Houve, outrora, no distrito de Santarém, uma vasta área denominada Foros de Muge. Casebres dispersos, terrenos incultos, estradas de areia, por aqui passava o Rei D. Miguel quando, de vilegiatura em Salvaterra de Magos, ia caçar veados na Tapada. Davam nas vistas as enormes extensões de terreno cobertas de Camarinheiros (plantas empetráceas que produzem frutos pequenos e redondos chamados Camarinhas) em tal quantidade que a designação de Foros de Muge foi, a pouco e pouco, pelo Rei e sua comitiva, substituída pela de Camarinhais.
O desenvolvimento da região fica a dever-se à exploração agrícola da Quinta da Sardinha, Casa Cadaval e Casa Mayer, o que originou uma vaga de pessoas oriundas dos concelhos de Soure e Pombal que, provavelmente, atraídos pela fama de fertilidade destes terrenos, viriam trabalhar nos espaços referidos. Em épocas geológicas remotas, esses terrenos foram submersos pelas águas do Tejo.
Quando, em 1902, se tornou imperioso dar o nome à Estação de Caminhos de Ferro que se ia inaugurar, não se sabe, se por deturpação da designação de Camarinhais, se pelo propósito de a simplificar, foi dado definitivamente à aldeia o nome de Marinhais.
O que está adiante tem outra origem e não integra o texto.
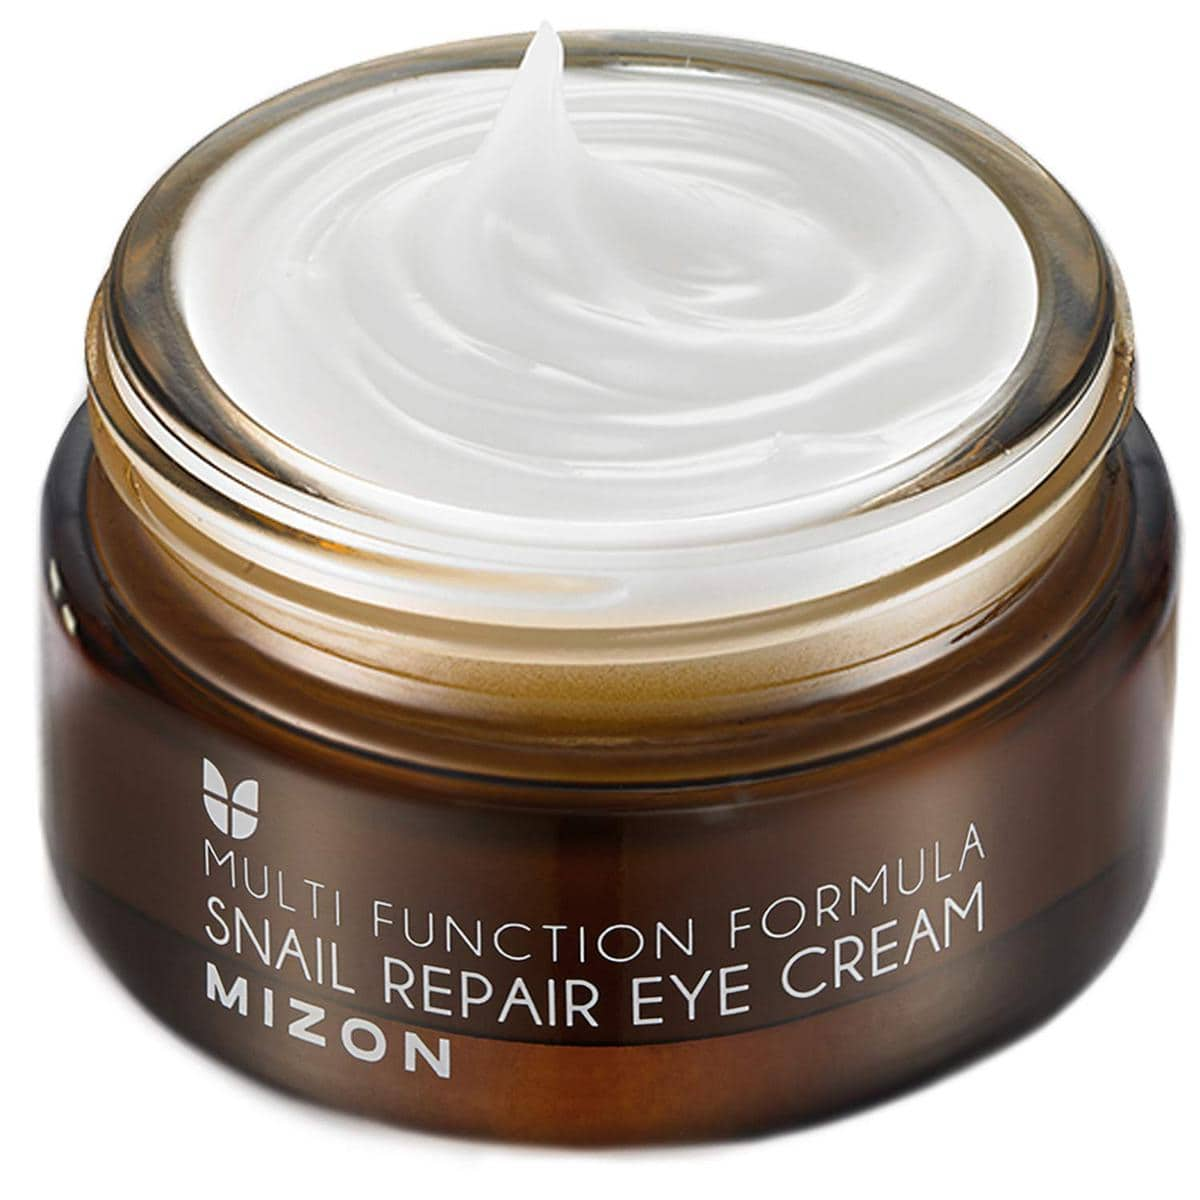 Mizon Snail Repair Eye Cream for wrinkles

O rei D.Carlos inaugurou a via férrea do Setil a Vendas Novas e esteve na estação de Marinhais.
Marinhais é hoje uma localidade que tem diversificado as suas actividades económicas. Apesar do destaque para a agricultura, horticultura, fruticultura, vinicultura, permite uma larga projecção de outras como a carpintaria, a serralharia em alumínio, a construção civil e o comércio.
Locais de Interesse:
Igreja da Nossa Senhora da Glória (Matriz)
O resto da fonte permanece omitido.